The braces are obvious as she sings, as is the out-of-control frizzy mop of hair on her head. During the shots of her with the boys in the tinfoil miniskirts, she's wearing a red-and-white checked babydoll dress and combat boots, and under the dress (we see under it several times during the course of the video, for a variety of reasons), she's wearing ridiculous white granny panties. In the shots in which the band is playing the song, she's wearing a huge gray trenchcoat that makes it appear that she's wearing nothing underneath. Apparently, the braces were real, as was reported in articles about the band at the time (although in every other Whale video I've ever seen, including "Pay For Me", which dates from around the same time, she doesn't have them), but the out-of-control hair and the goofy clothes were almost certainly done for effect. The fact is, even with the braces and the hair and the clothes, anyone who takes a minute to get beyond those surface distractions is going to notice that Cia Soro is quite attractive, even in the "Hobo Humpin Slobo Babe" video, and DEFINITELY anywhere else you may see her (she now makes a living as a Swedish television presenter). Here's what she looks like in other circumstances:

But of course, the braces and the goofy hair/clothes are intentional misdirections, recreating the sorts of things that turn off shallow guys before they really get to know a girl.

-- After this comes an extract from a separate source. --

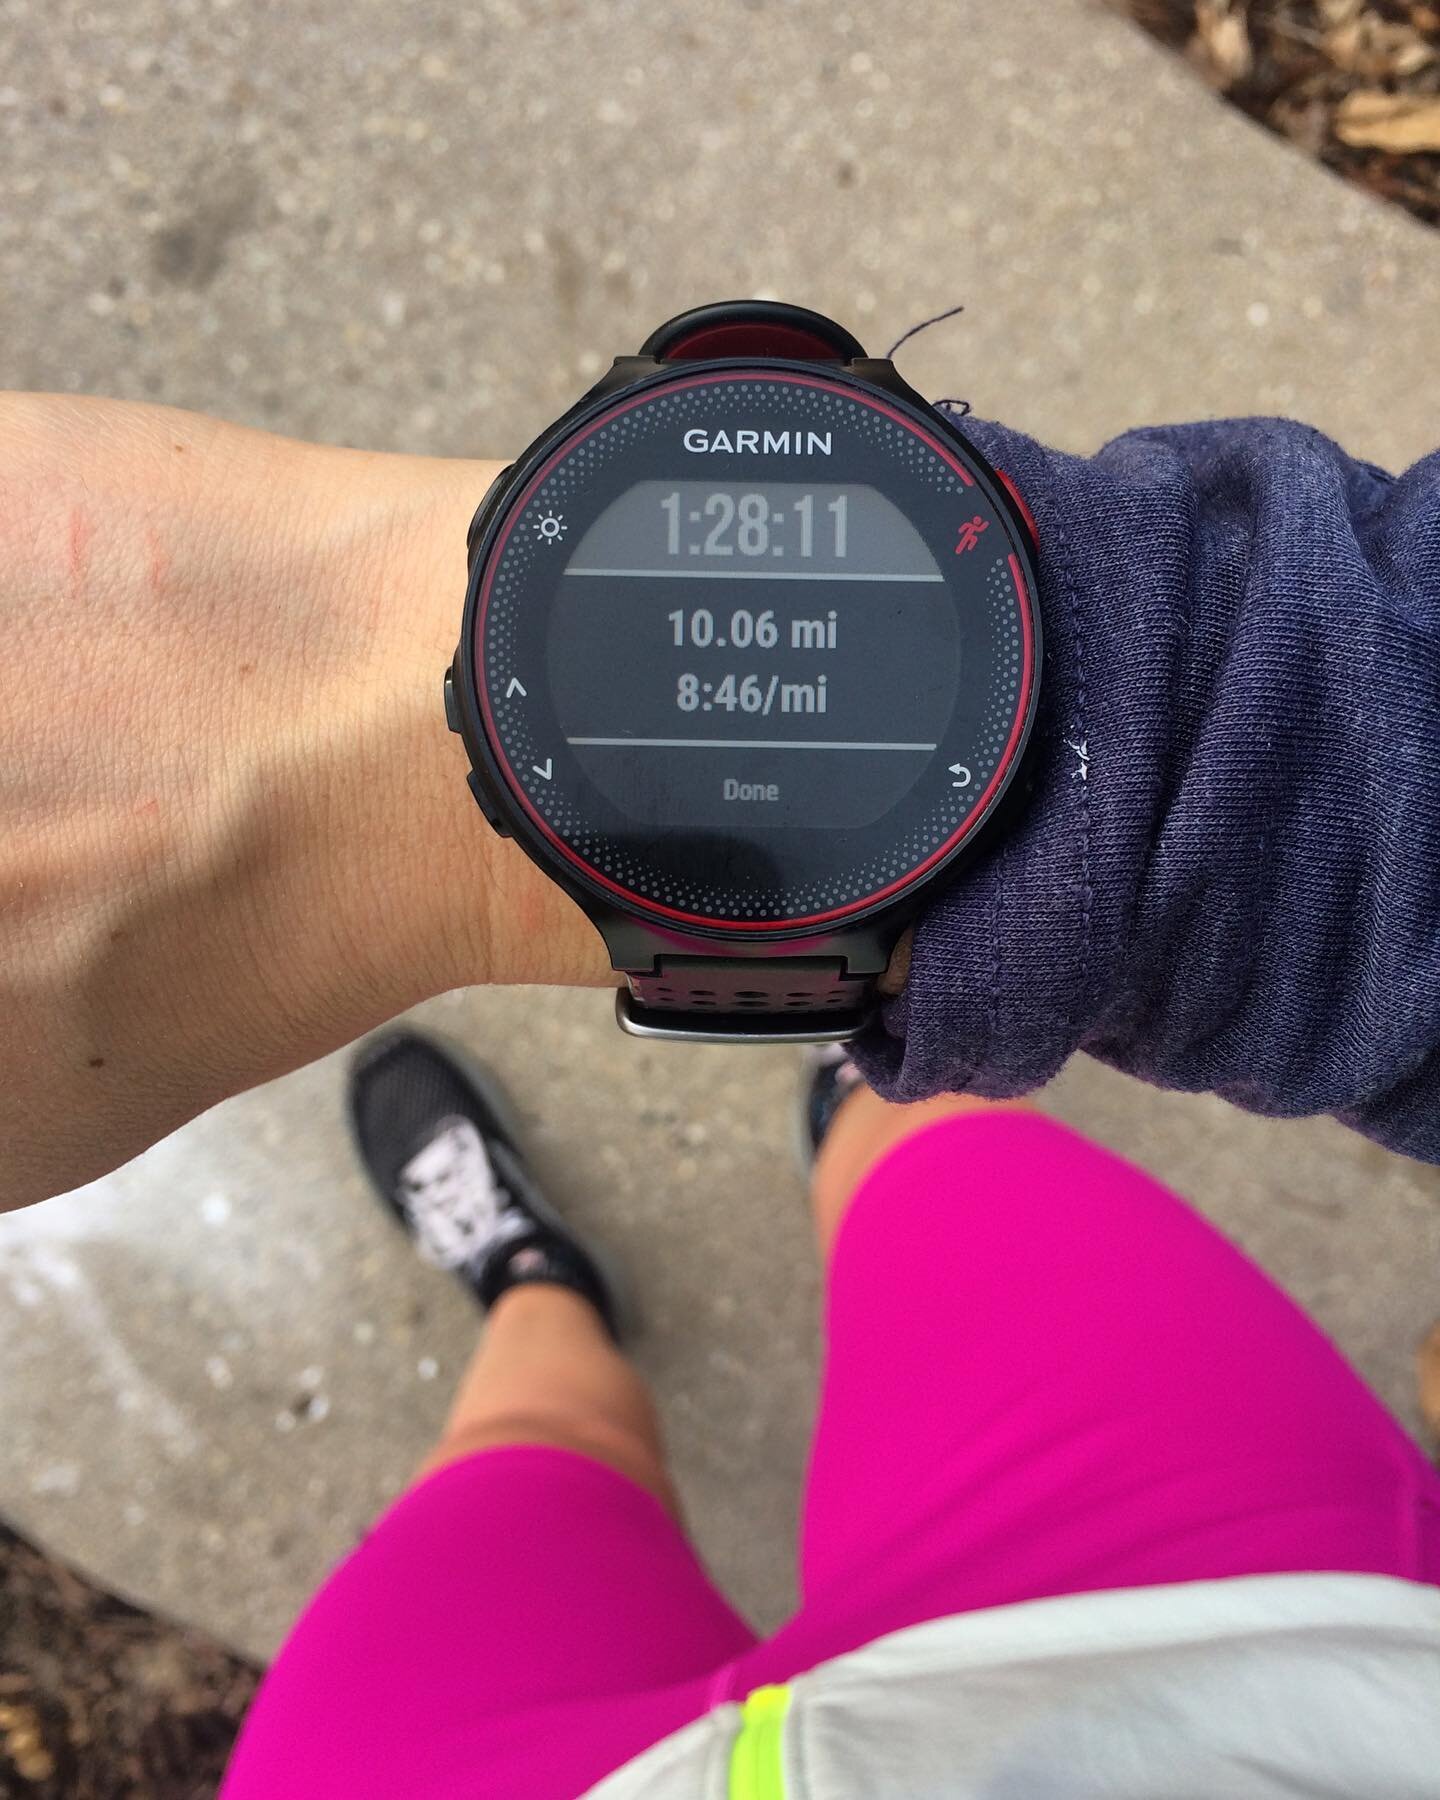 Feeling so far from where I was 👆🏼 but thankful for short, small runs the past couple of weeks. I&rsquo;ve been able to run 4-6 miles with no pain and for that, I am SO thankful. It&rsquo;s been a long 6 weeks or so of no running and now, being abl

Which doesn't mean they won't mess around with her in private, so long as no one knows about it. And as soon as Cia starts singing, she sets about skewering that exact mentality, bursting the bubble of the dudes who are trying to dismiss her. She begins by describing herself: "Seeking candy on the shore. Lost her eyesight, teeth are poor. Left for dead, back for more." She freely admits that she wants the same thing that the guys are accusing her of wanting, that she is not exactly a perfect female specimen, and that she knows they've blown her off--which does nothing to stop her from continuing her quest. At this point, she's basically responded to the condemnations of the boy-sung chorus with, "Yeah, so?" And she isn't done, either. Next verse: "Seeking candy who sleeps around." In the video, as soon as she delivers this line, she leans over and licks the armpit of the nearest tinfoil-miniskirted boy. And you know a million 15 year old boys sitting on couches across America yelled, "Eww, gross!", even as they were thinking, "Whoa, that's kinda hot." "Afraid of telling--tiny sounds," Cia continues, and this verse points out what the boys really don't want her to get into: that even as they act like she's below their standards, they're enjoying every minute of it. That the only thing that keeps them from admitting it is fear of what their friends will say. And now she's blowing their cover completely, especially as she finally reaches the chorus. Up until this point, she's sung her verses in a high, playful tone. Even as the words take a defensive tone, she maintains a sweet singing style. But then, that all goes by the wayside as she reaches the chorus. "But you," she says in the final line of her verse, delivering the word "you" with an unmistakable undercurrent of contempt, "you always came BACK FOR MORE!" She screams the last three words, even as the band slams back into the chorus and Henrik and Gordon start singing again.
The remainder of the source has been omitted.